Но в ответ он получал только тумаки или, в лучшем случае, плевки на поля своего широкополого сомбреро. А где он его взял? Сейчас узнаете.

Во время своих странствий Фредди наткнулся на гражданку с сомбреро на голове и сорвал с нее шляпу с криком:

– Поносила, дай другим поносить! Не одна ведь! Люди ждут.

– Ну ты и лещ! – густым басом ответила гражданка, и Фредди с ужасом узнал в ней Марка Нопфлера. – Шляпку мою захотел? А ты знаешь, лис паршивый, что таких шляп уже нигде не делают, и что если бы ты, гамадрил, мне ее испортил, то всю жизнь алименты бы мне платил. Денно. И нощно.

Марк закончил свою патетику и протянул руку:

– Штраф!

И Фредди с ужасом узнал в Марке Нопфлере Ринго Старра.

– За что? – обомлел несчастный искатель.

– А за то, ребро ты адамово…

– Клейтона или Смита?

– А у тебя деньги есть? – вопросом на вопрос ответил Ринго.

– Пока есть… – трусливо придержал рукой карман Фредди. – А чегой?

– А тогой, – нравоучительно изрек Блюститель, – что деньги имеет только Адам Смит. А Клейтон их сроду не жевал.

– Точно, – закивал Фредди, вспоминая, как Клейтон вчера приходил к ним на студию просить в долг, и как он, Фредди, с наслаждением выкидывал его в окно.
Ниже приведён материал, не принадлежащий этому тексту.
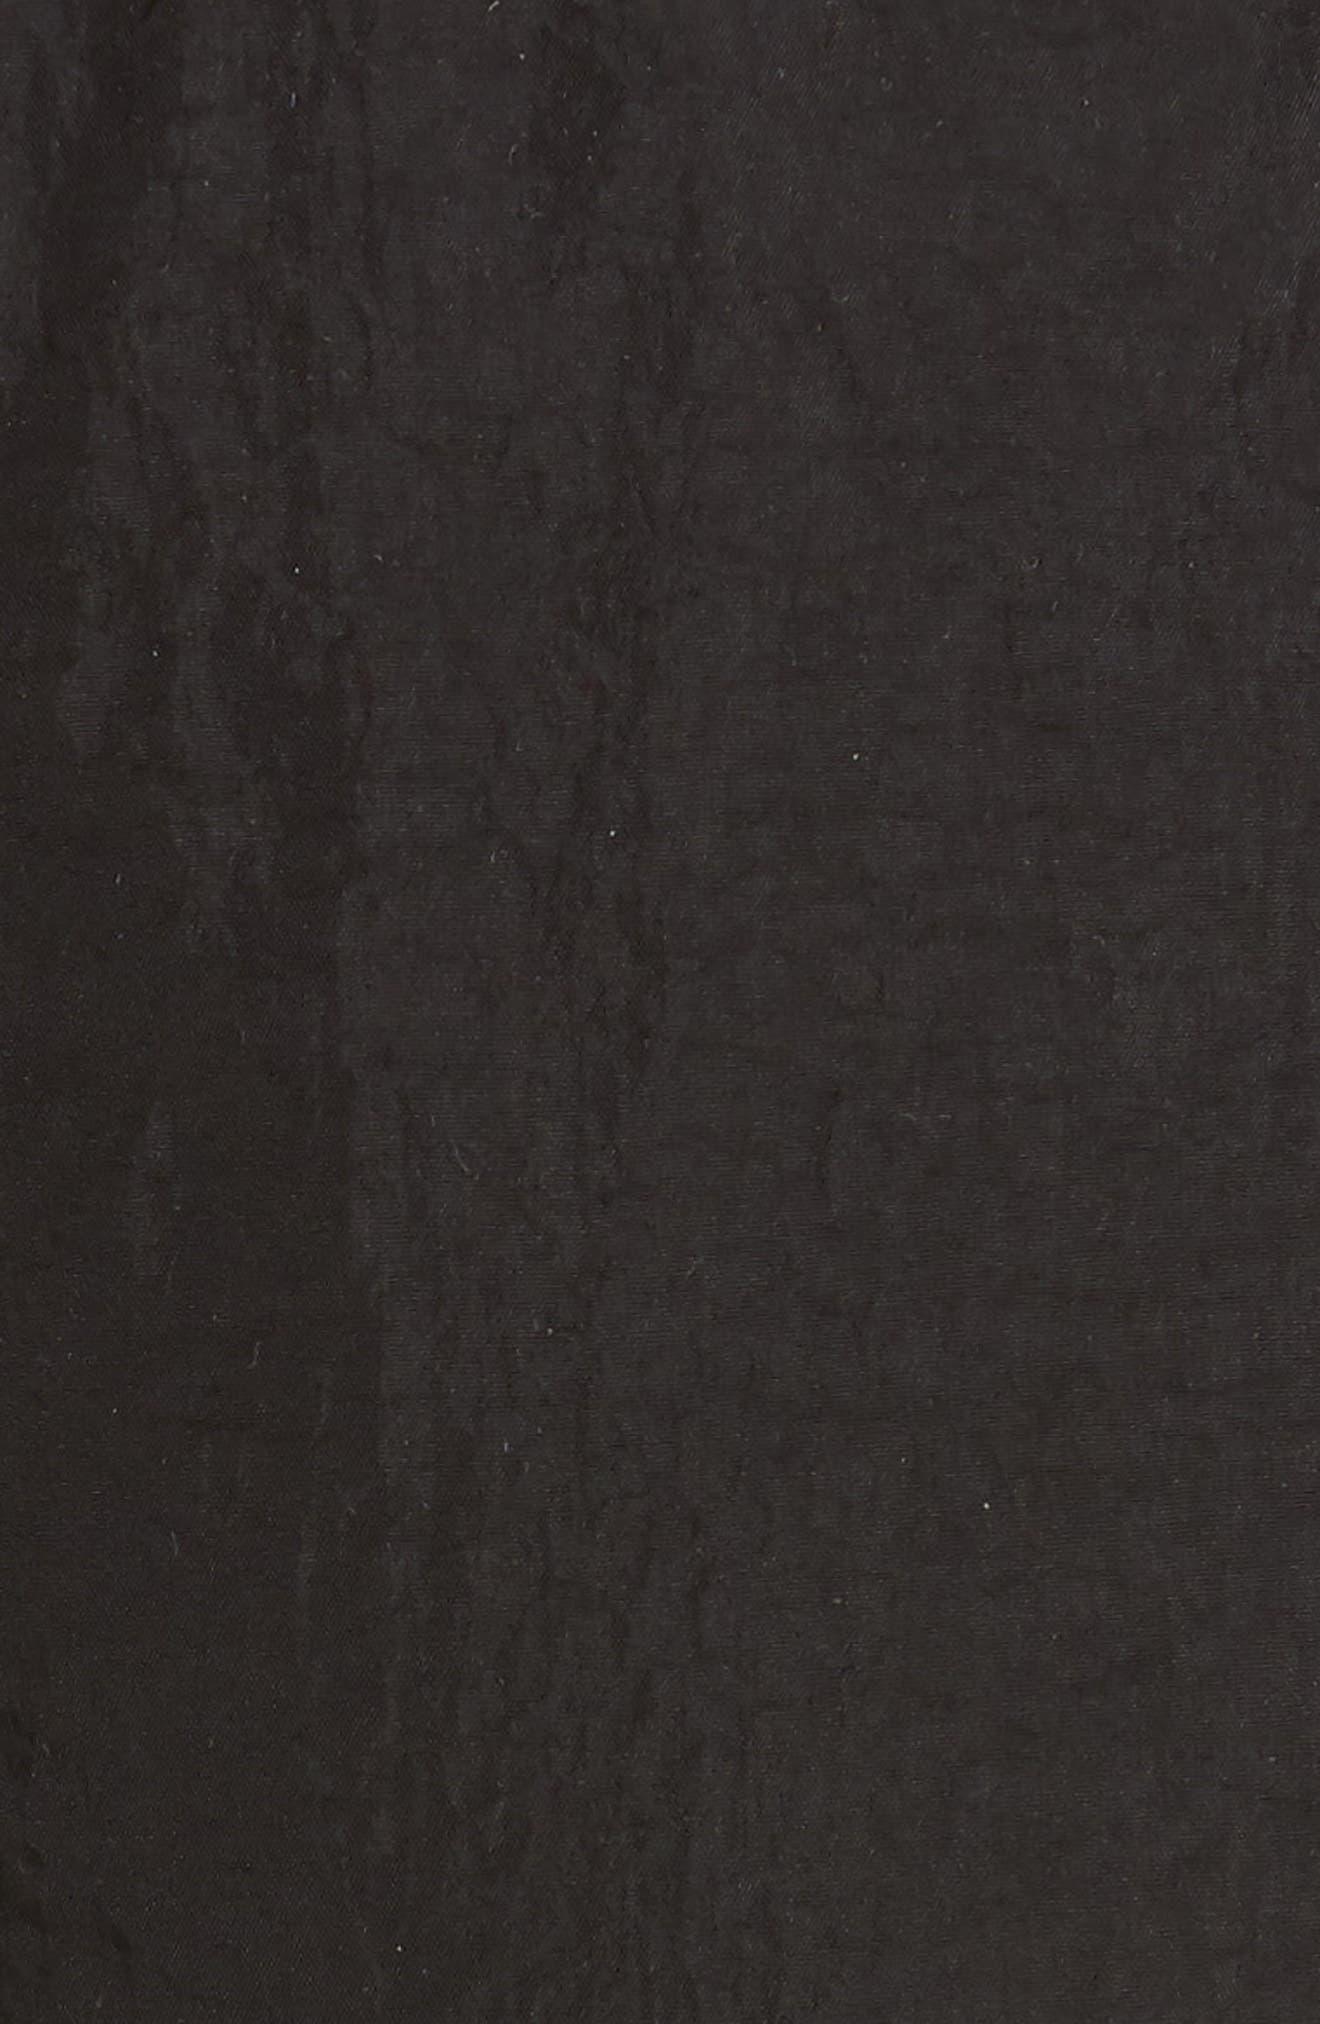 PROENZA SCHOULER, PSWL Drawstring Waist Parachute Pants, Alternate thumbnail 5, color, BLACK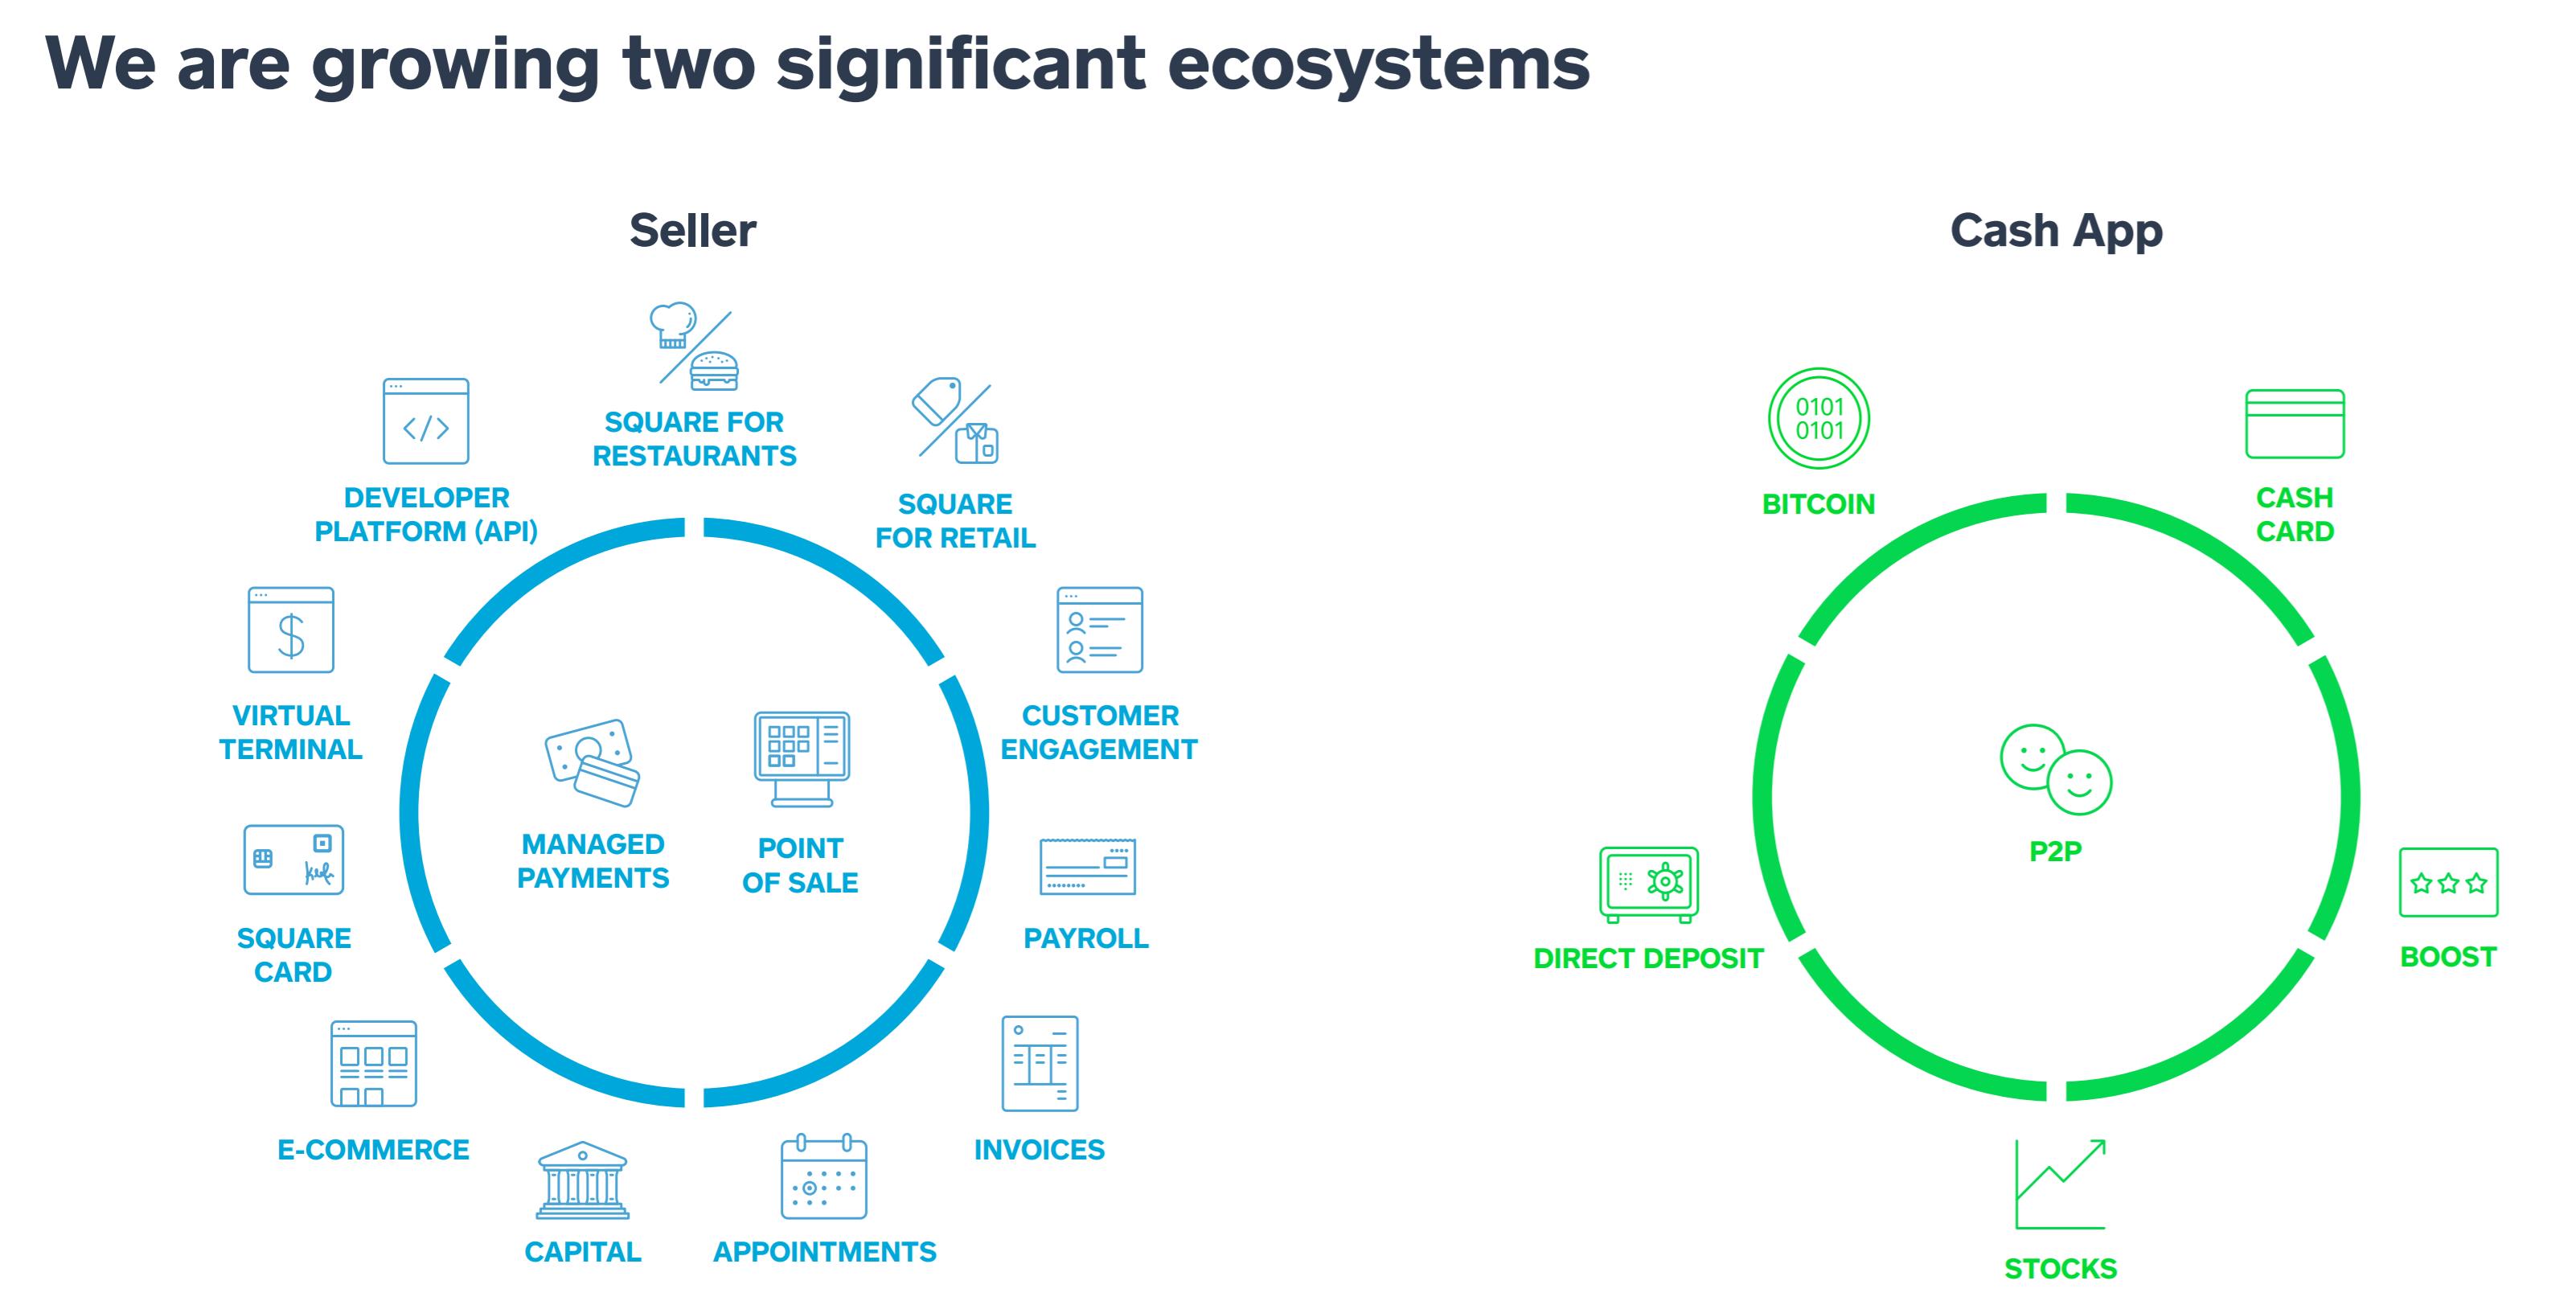 Square เผยมีผู้ใช้งาน Cash App เพิ่มมากขึ้น ช่วงตลาดผันผวนและวิกฤติโคโรนาไวรัส

А Брайан при этом играл на гуслях похоронный марш…

– Итак, о деньгах, – прервал его сладкие воспоминания Ринго. – Плати штраф!

Фредди со вздохом выгреб из кармана всю мелочь и отдал ее Ринго, который немедля выписал ему квитанцию, упрятал штраф в один из своих необъятных карманов, снял шляпу, обдул пыль, сказал: «Пусть ее», и с гордостью вручил Фредди. Тот нахлобучил шляпу на уши, земно поклонился Блюстителю, и, насвистывая, пошел в музей.

Пройдя сто метров, он остановился и даже захрюкал от бешенства – с противоположного тротуара, стоя за одним из лотков, ему весьма приветливо улыбался Элтон Джон и держал в зубах объявление низкого содержания:

«ТОЛЬКО СЕГОДНЯ! БЕСПЛАТНАЯ РАЗДАЧА БРАЗИЛО-ЯКУТО-МЕКСИКАНСКИХ ШЛЯП – СОМБРЕРО!»

Элтону можно простить невольный грех – он не обучался в колледжах, как квины, он только закончил консерваторию, и то давно, и до всего доходил своим умом. Но его ум как-то не дошел до того, что Бразилия и Якутия – две большие разницы. А когда ему об этом тактично намекали, он рычал и плевался. А Фредди успокоиться не хотел долго. Отвесив подзатыльник Элтону, он три квартала спасался от Боуи, который подрабатывал (sic!) у Элтона (sicsic!!) секьюрити (sicsicsic!!!). Отвязавшись от Боуи (очень много sic), Фредди придумал новую забаву – растер по стеклам «Шинка» разной дряни, и долго громко злобно хохотал, довольный проделкой. Затем он пошел в ресторан и проделал там одну из своих старых шуток – напился, упал, пролетел два лестничных пролета и выбил стеклянную дверь. И уже под вечер, бреда окольными путями домой, он-таки наткнулся на музей Революции. Лбом. Но что это было за здание, Фредди не понял, пнул его, отшиб еще и ногу, опосля чего уполз домой, подвывая и обещая страшно отмстить. Всем. И музейщикам в частности. И отмстил. Но это уже совсем другая история.

/ – картинка №6 – /«Рьяный вегетарьянец», или «Шинок» – приют для всех убогих?/

Однажды жил да был, жил да был не очень страшный Жилдабыл, а совсем не страшный Коллинз Фил. Вполне такой нормальный Фил. Умный, но хитрый. Хитрый, но добрый. Добрый, но в кредит не отпускал. В кредит не отпускал, ко всем верил. Всем верил, но всех дурил. Всех дурил, но никого не обманывал. Никого не обманывал, но был не простак. Не простак, но… Да хватит уже, честное слово!!!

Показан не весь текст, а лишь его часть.